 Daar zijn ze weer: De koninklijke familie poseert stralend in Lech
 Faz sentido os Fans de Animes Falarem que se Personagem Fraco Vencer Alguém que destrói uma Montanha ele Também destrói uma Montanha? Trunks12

==

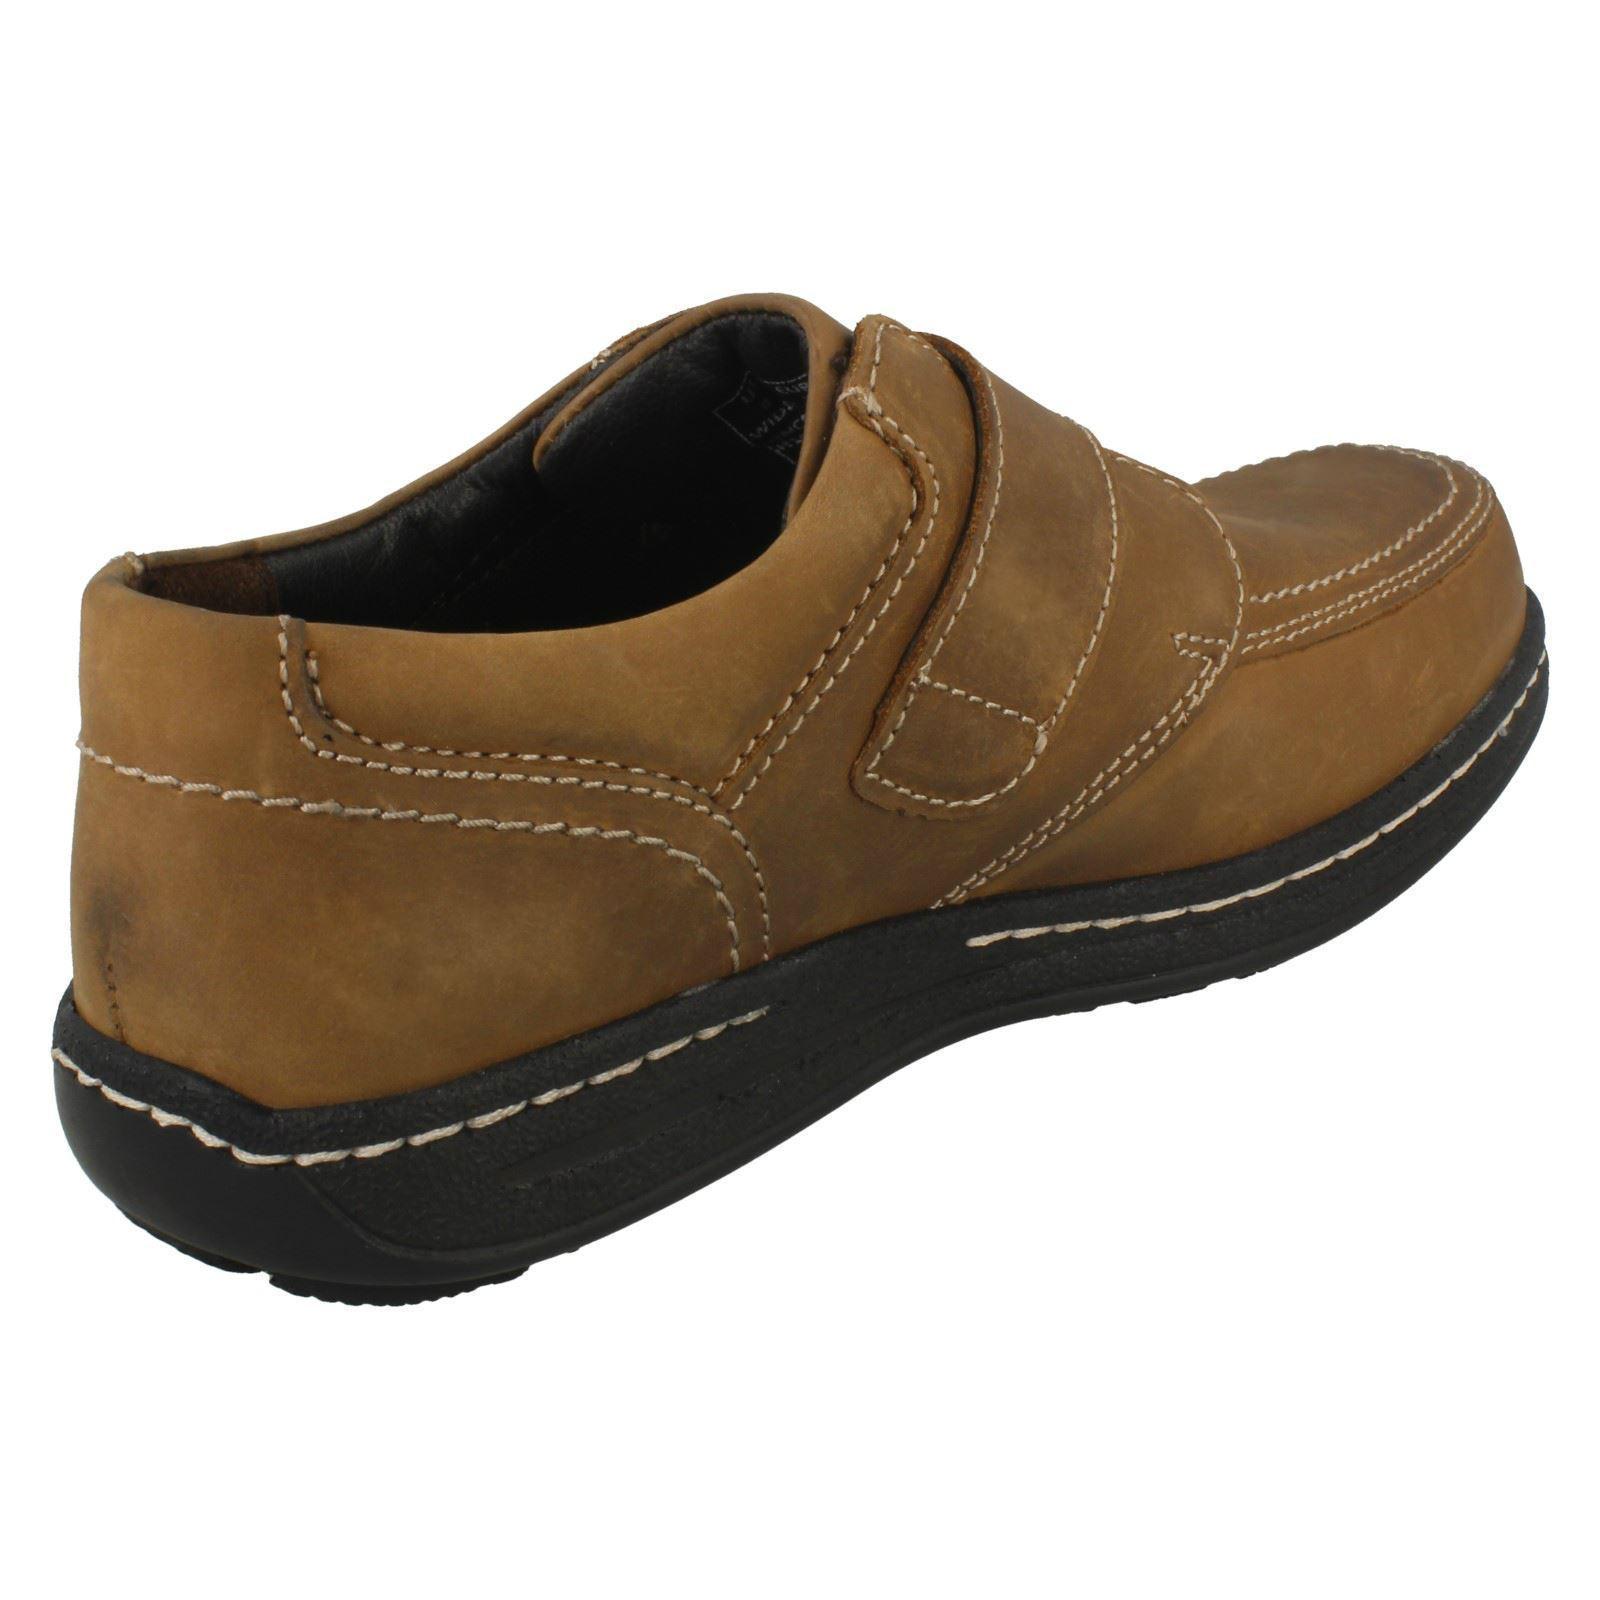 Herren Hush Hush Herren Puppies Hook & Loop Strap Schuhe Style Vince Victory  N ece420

* * *

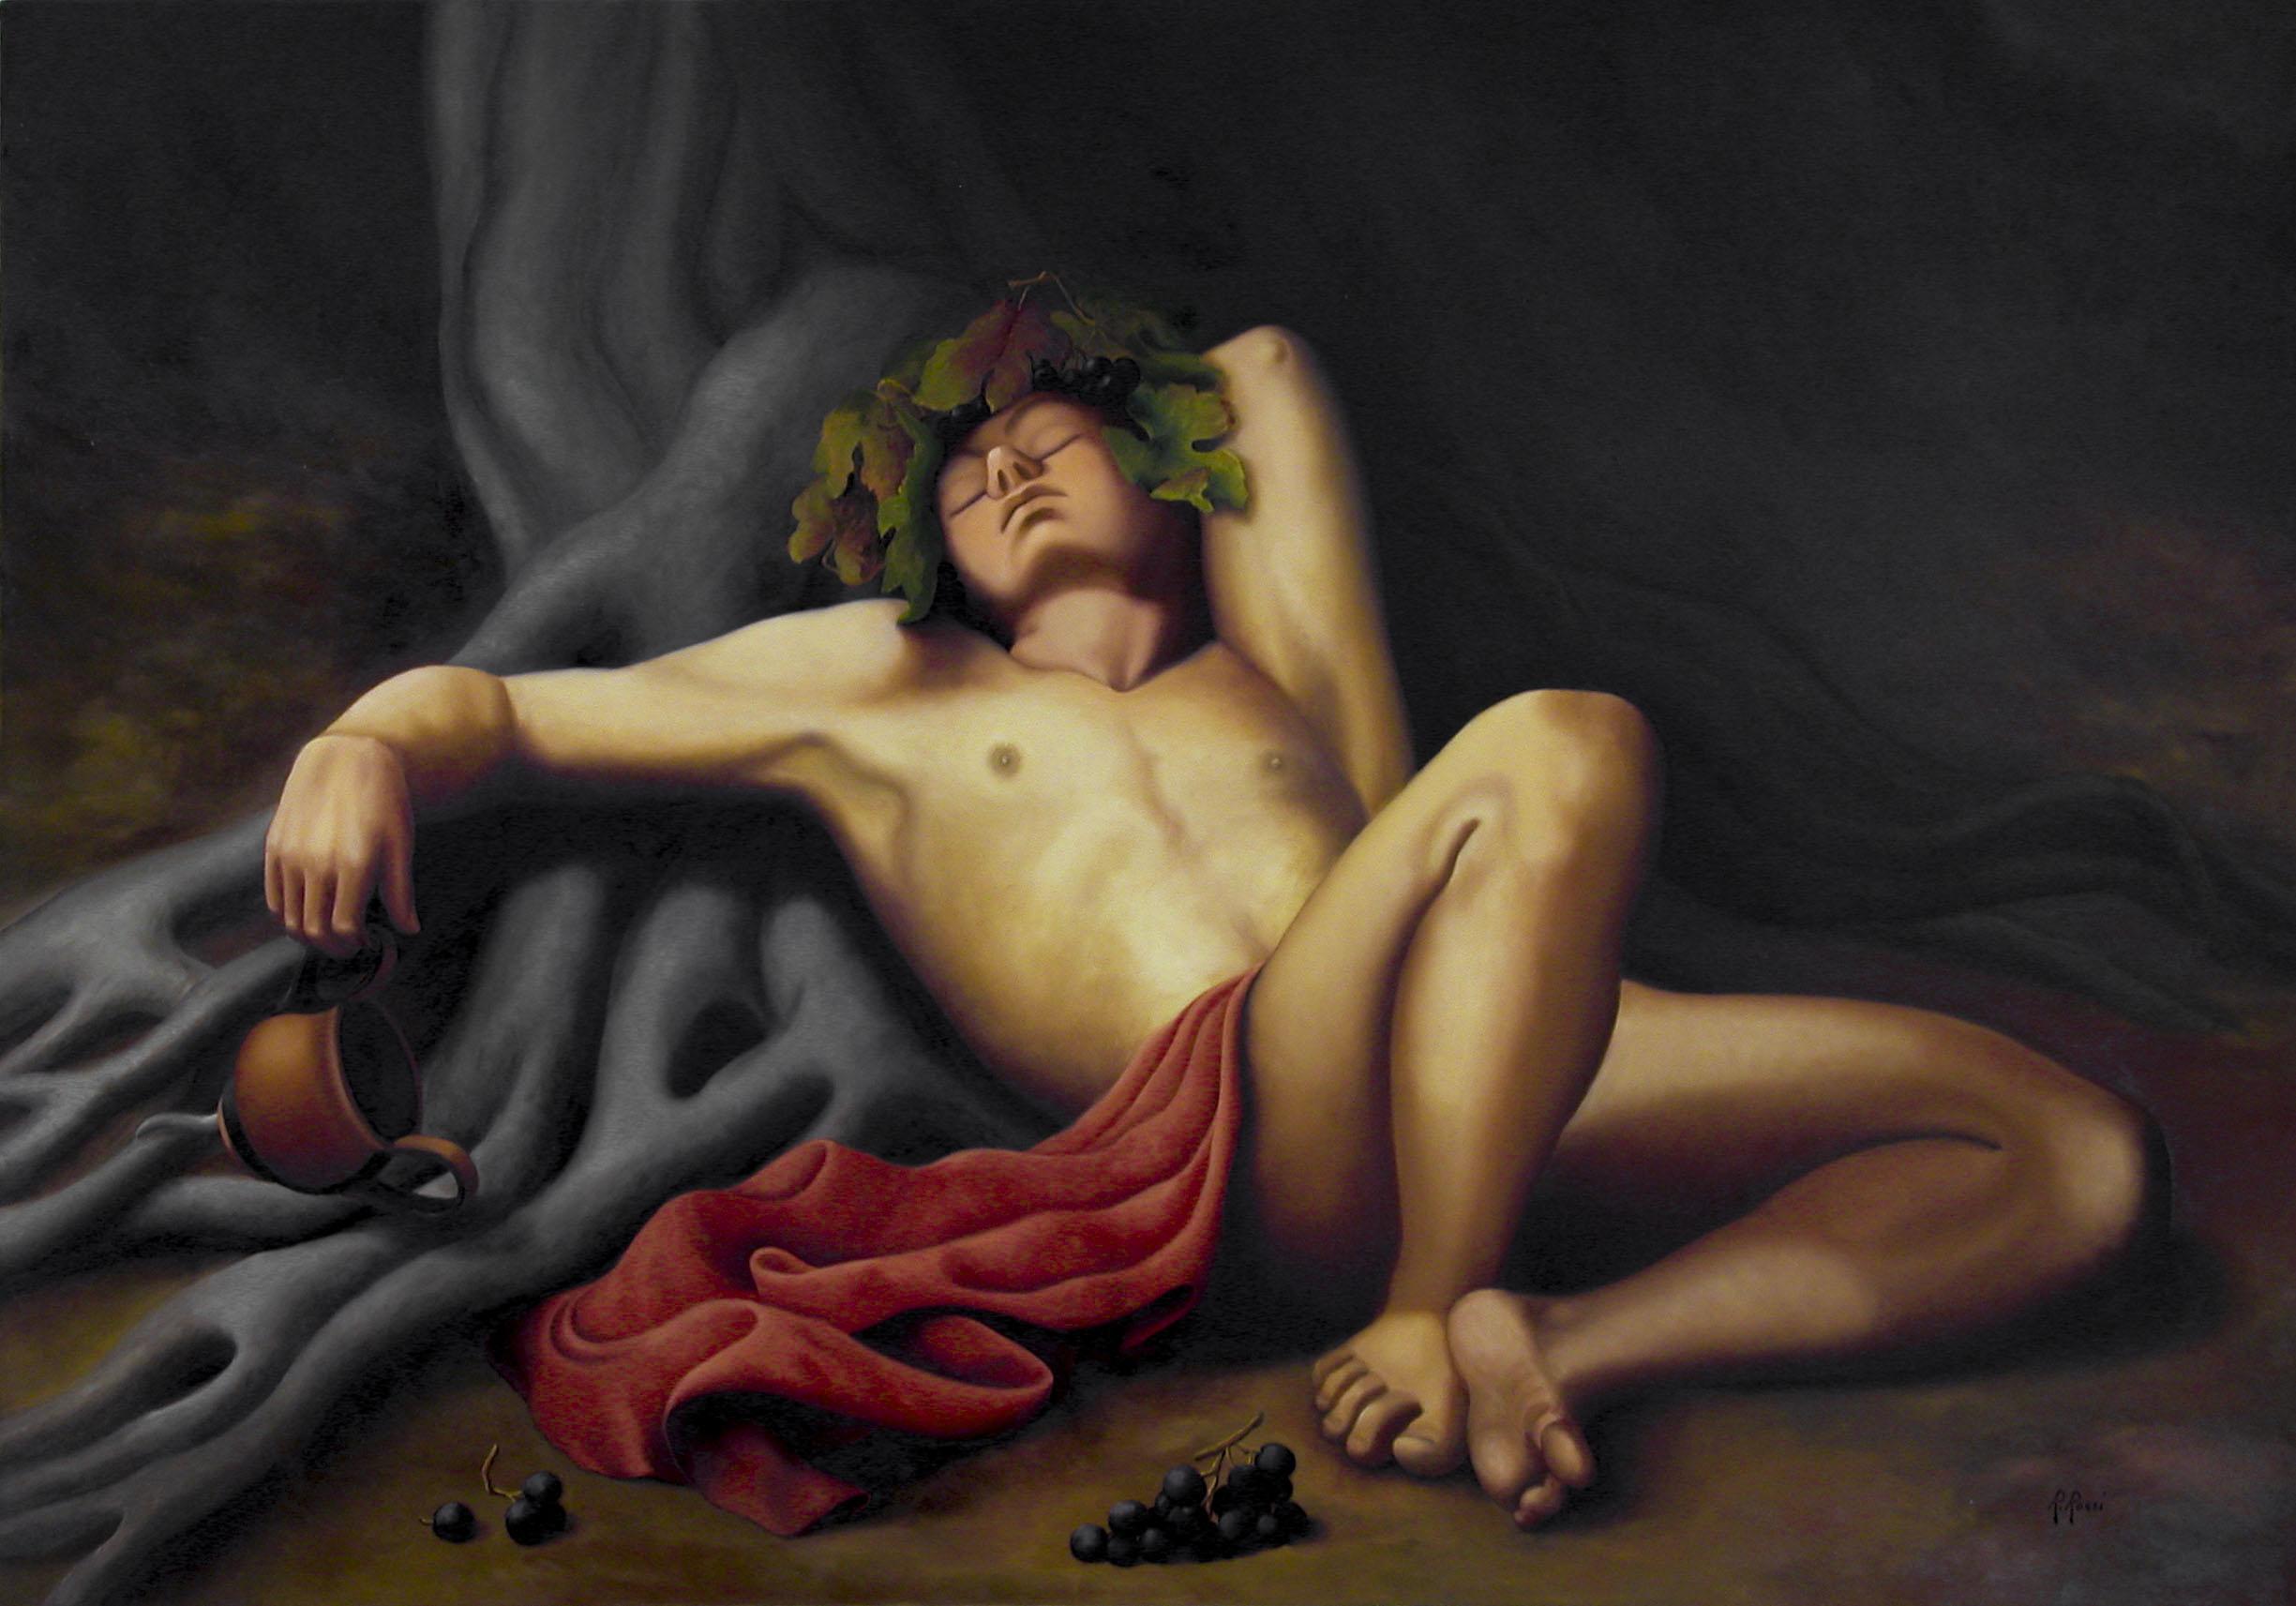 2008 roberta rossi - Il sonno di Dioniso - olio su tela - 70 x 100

▶ [WORK REQUEST]: Copy exactly the stretch of data above from the line with "Daar zijn ze" through the line with "Faz sentido os", and omit all other lines.

▶ [TASK SOLUTION]:
 Daar zijn ze weer: De koninklijke familie poseert stralend in Lech
 Faz sentido os Fans de Animes Falarem que se Personagem Fraco Vencer Alguém que destrói uma Montanha ele Também destrói uma Montanha? Trunks12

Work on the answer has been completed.